Exercise. Could you write out exactly, and only, the lines from the one containing "Poncho style hairy" through the last line of the data, leaving out all pictures?

Data section.

—————

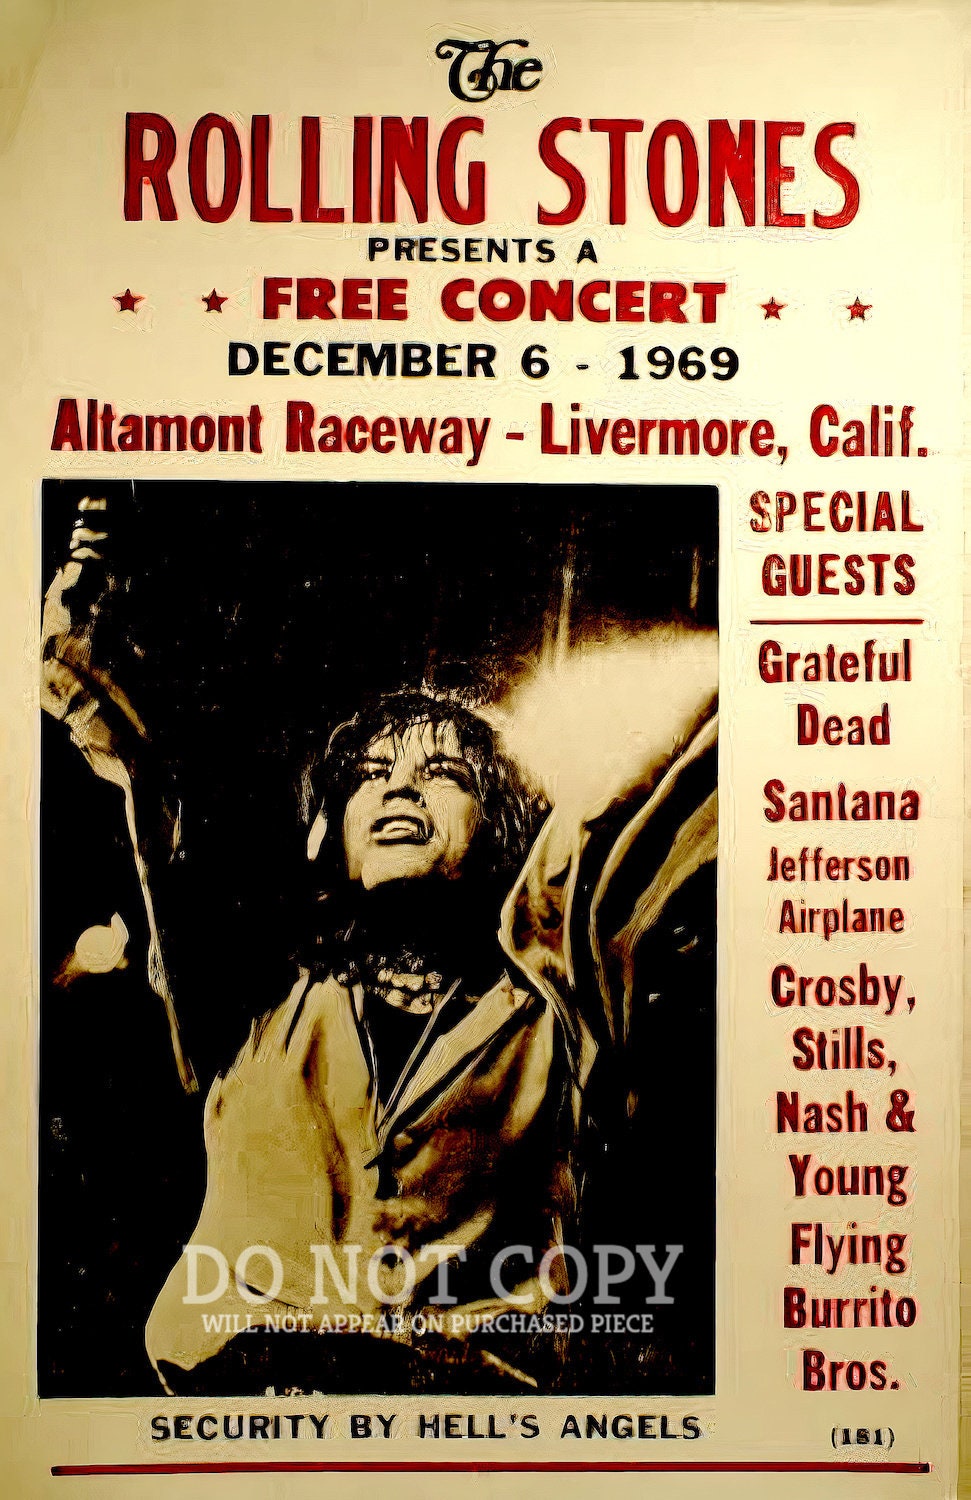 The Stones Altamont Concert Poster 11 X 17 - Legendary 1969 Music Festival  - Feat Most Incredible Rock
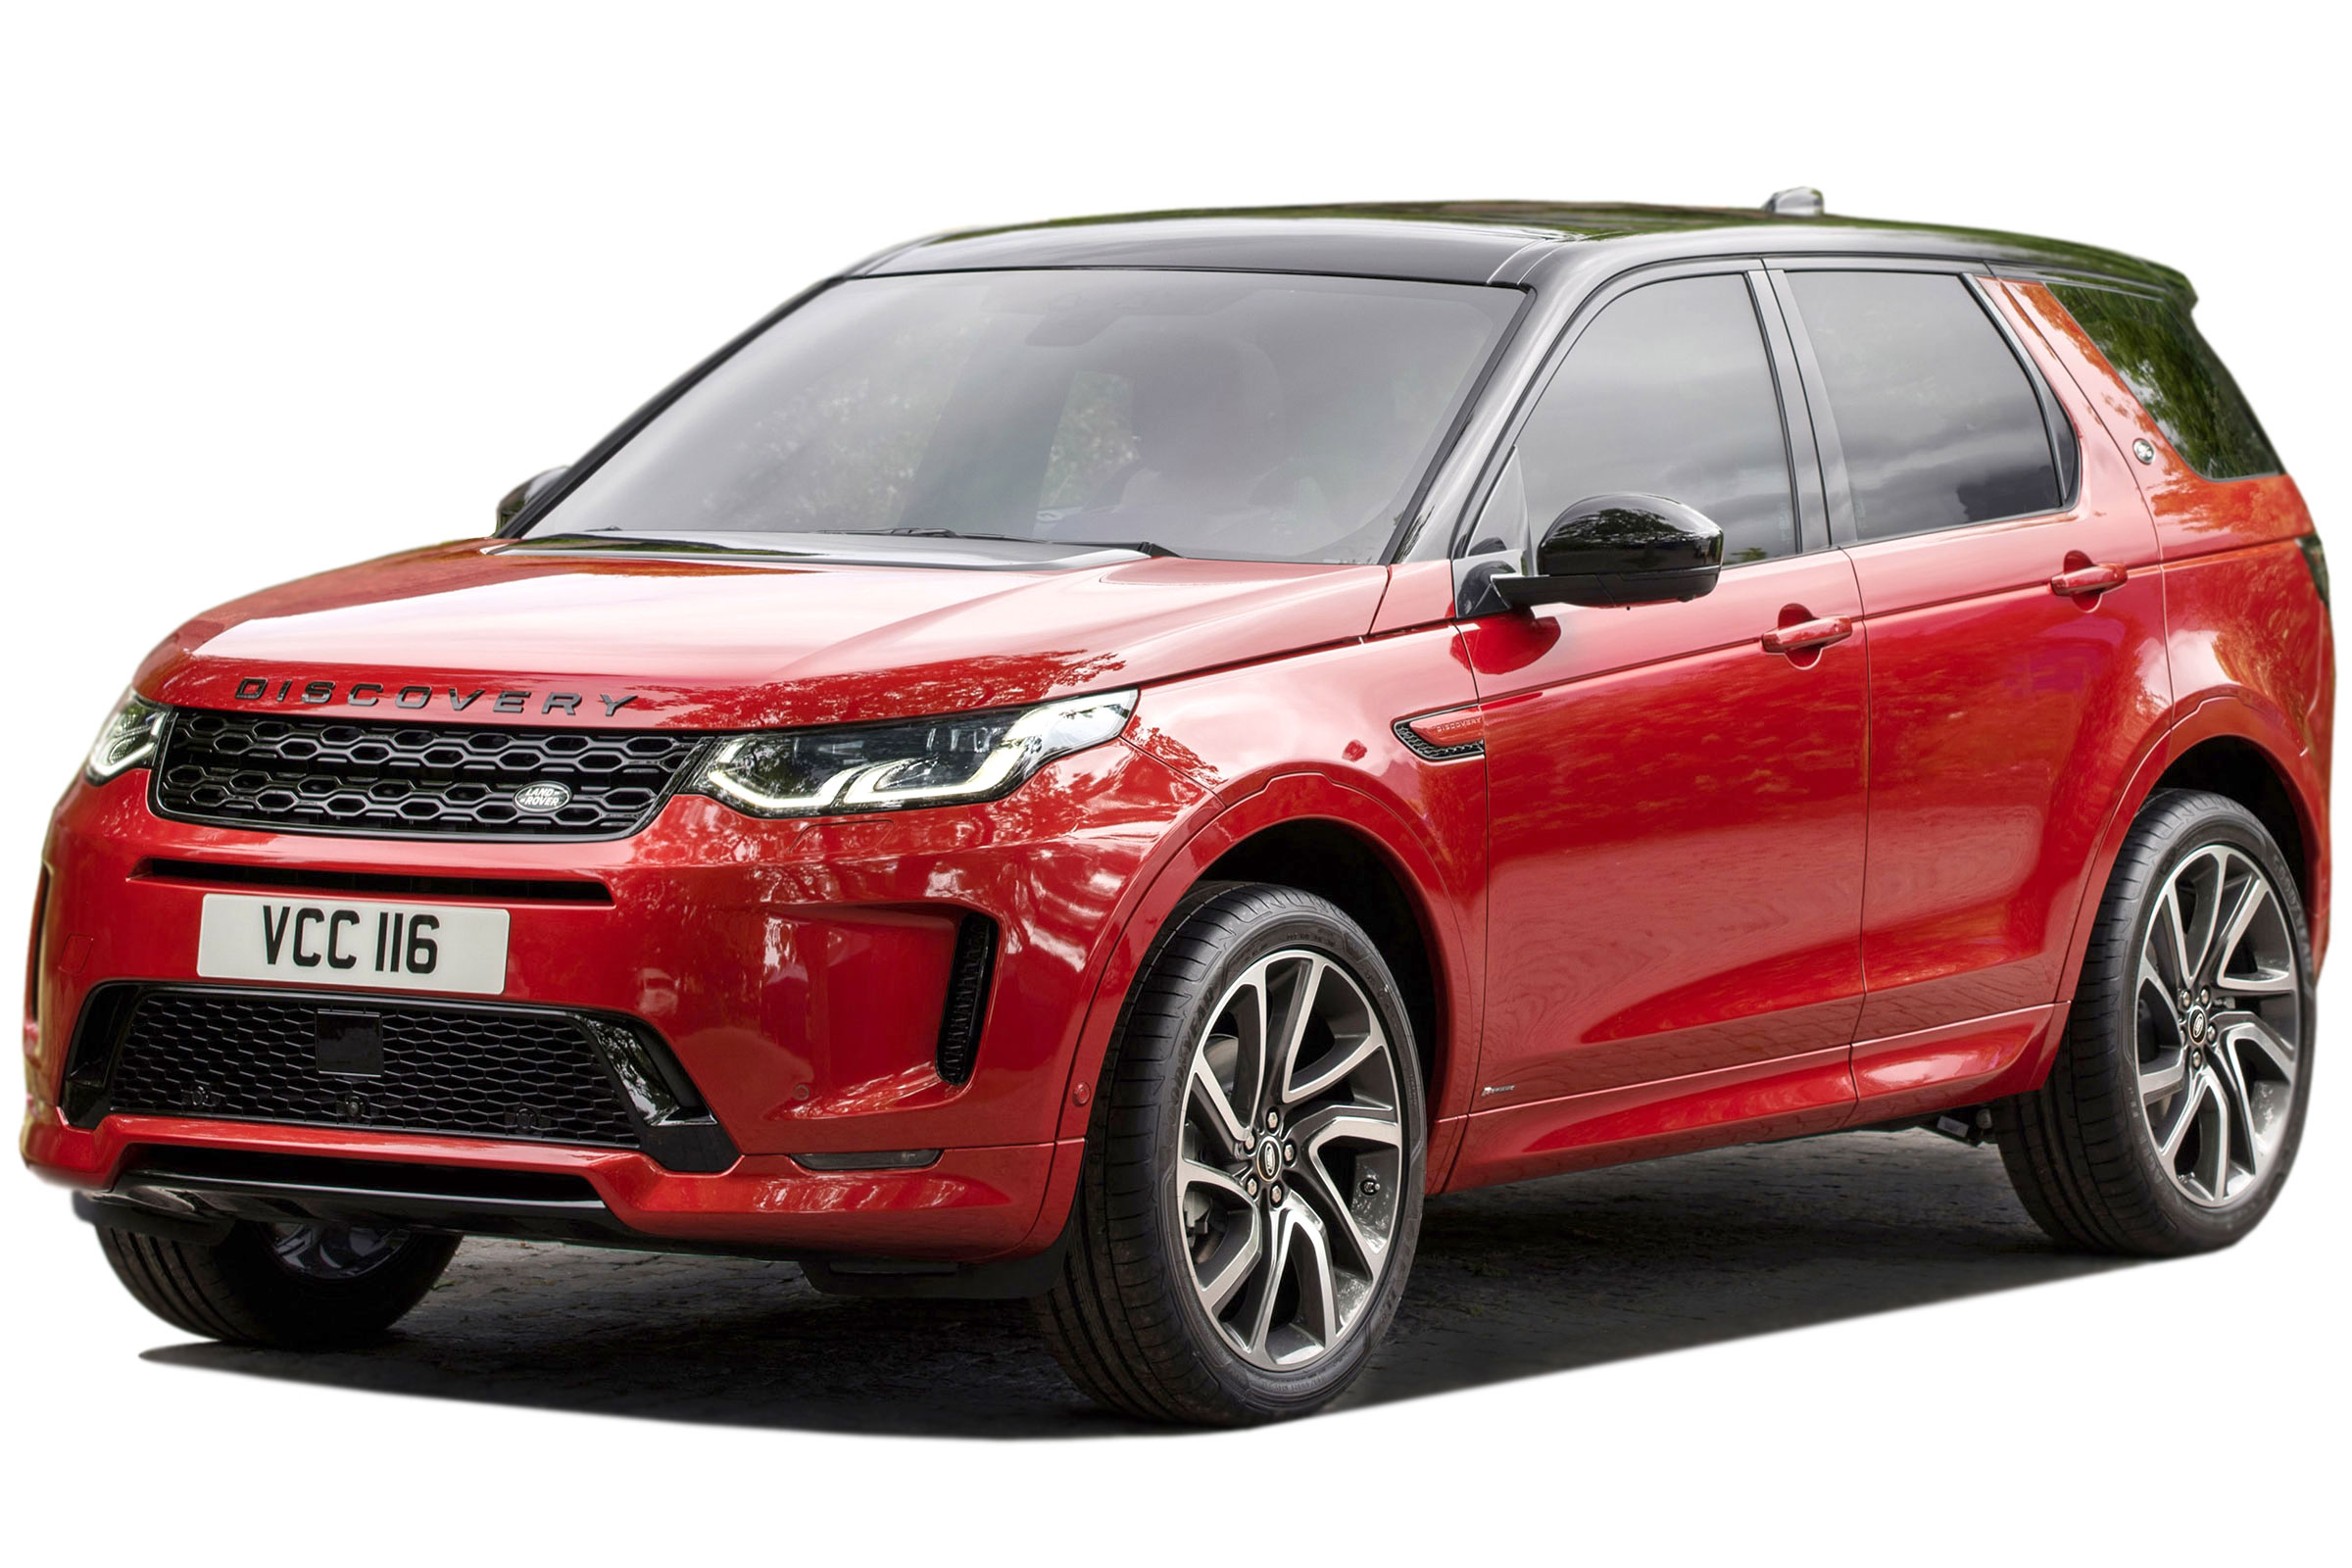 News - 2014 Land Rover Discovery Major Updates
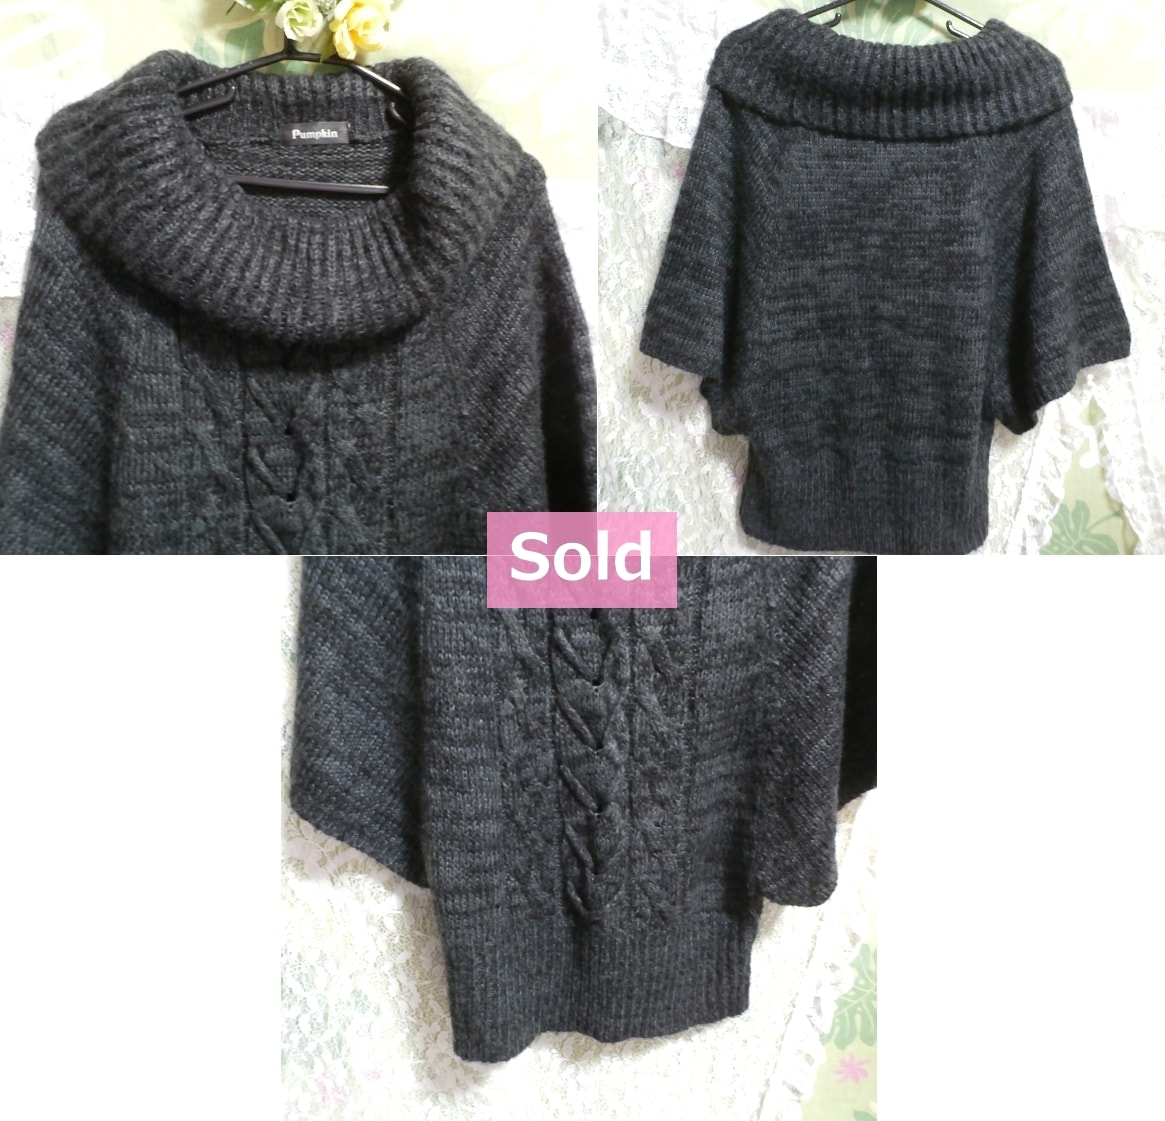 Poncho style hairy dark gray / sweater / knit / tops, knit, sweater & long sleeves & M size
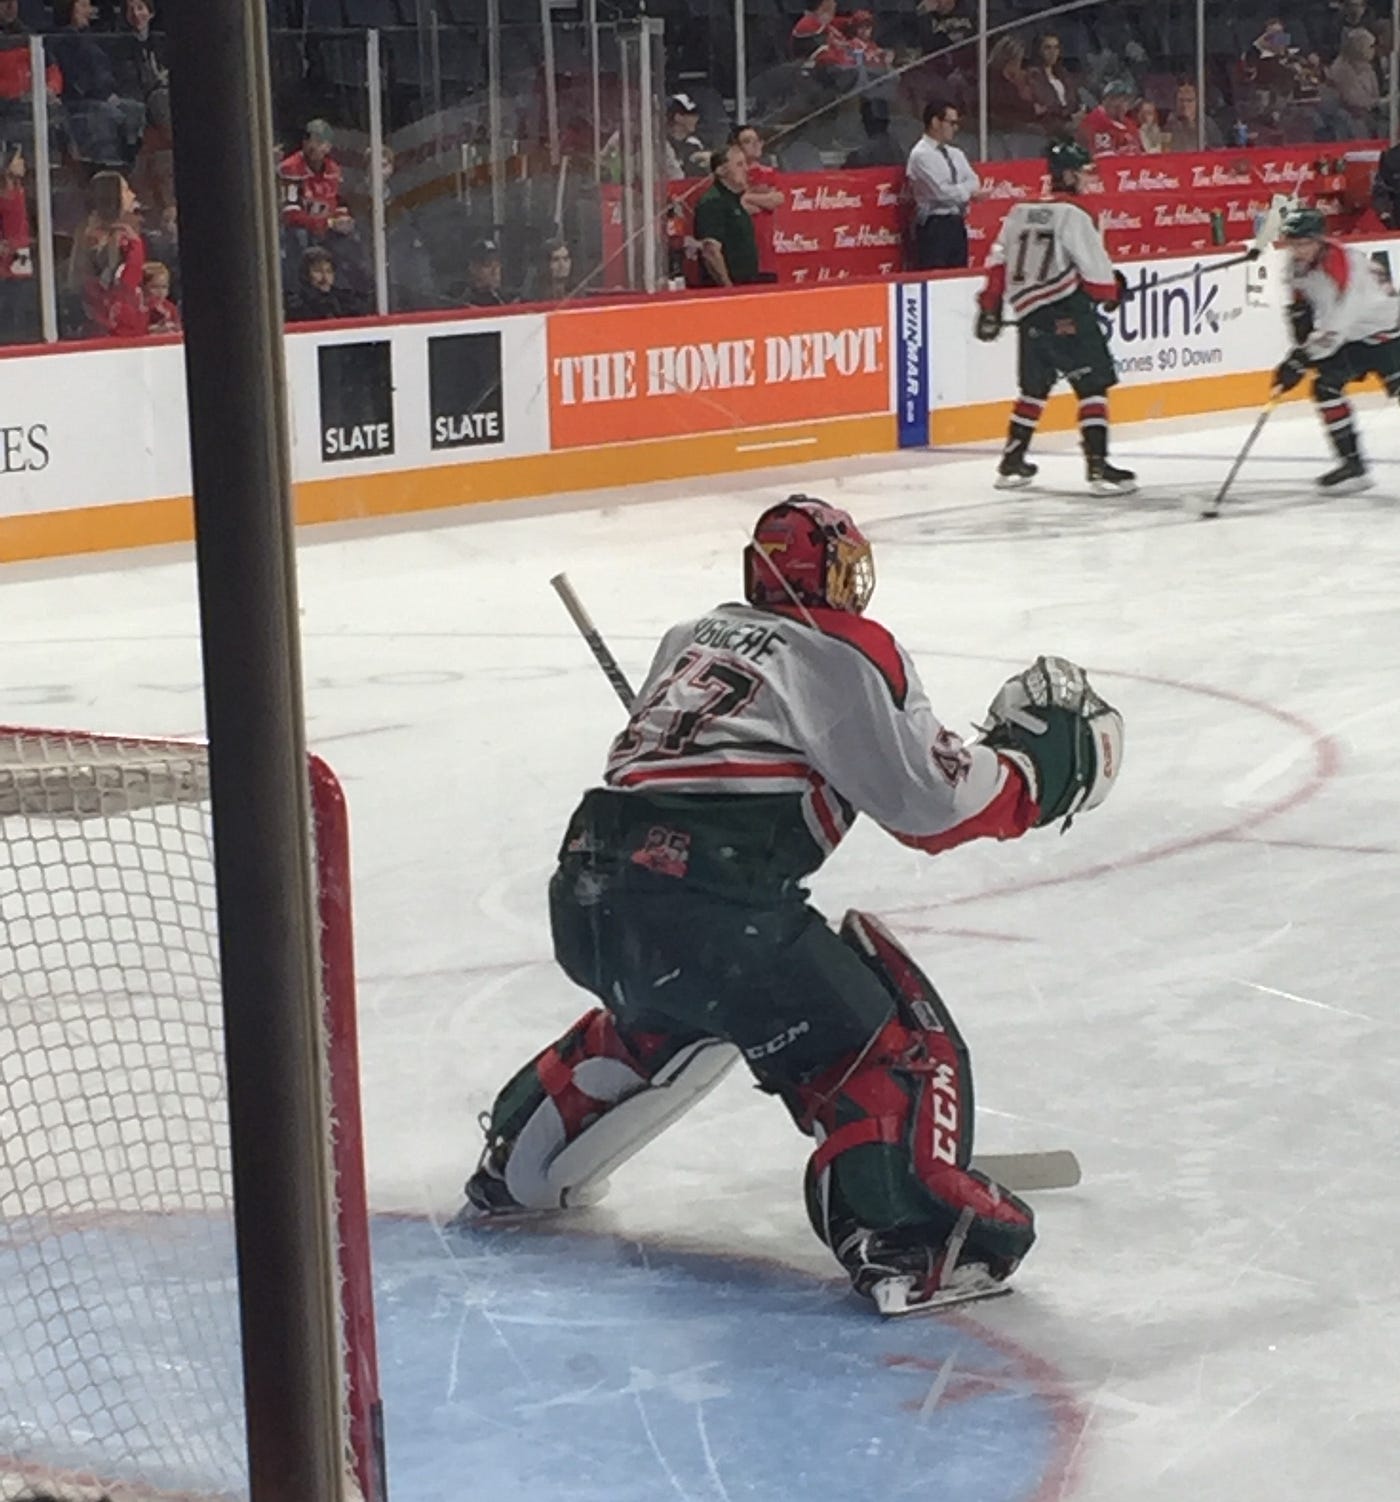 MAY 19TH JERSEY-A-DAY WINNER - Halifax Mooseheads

—————

Solution to this exercise.
 Poncho style hairy dark gray / sweater / knit / tops, knit, sweater & long sleeves & M size
 MAY 19TH JERSEY-A-DAY WINNER - Halifax Mooseheads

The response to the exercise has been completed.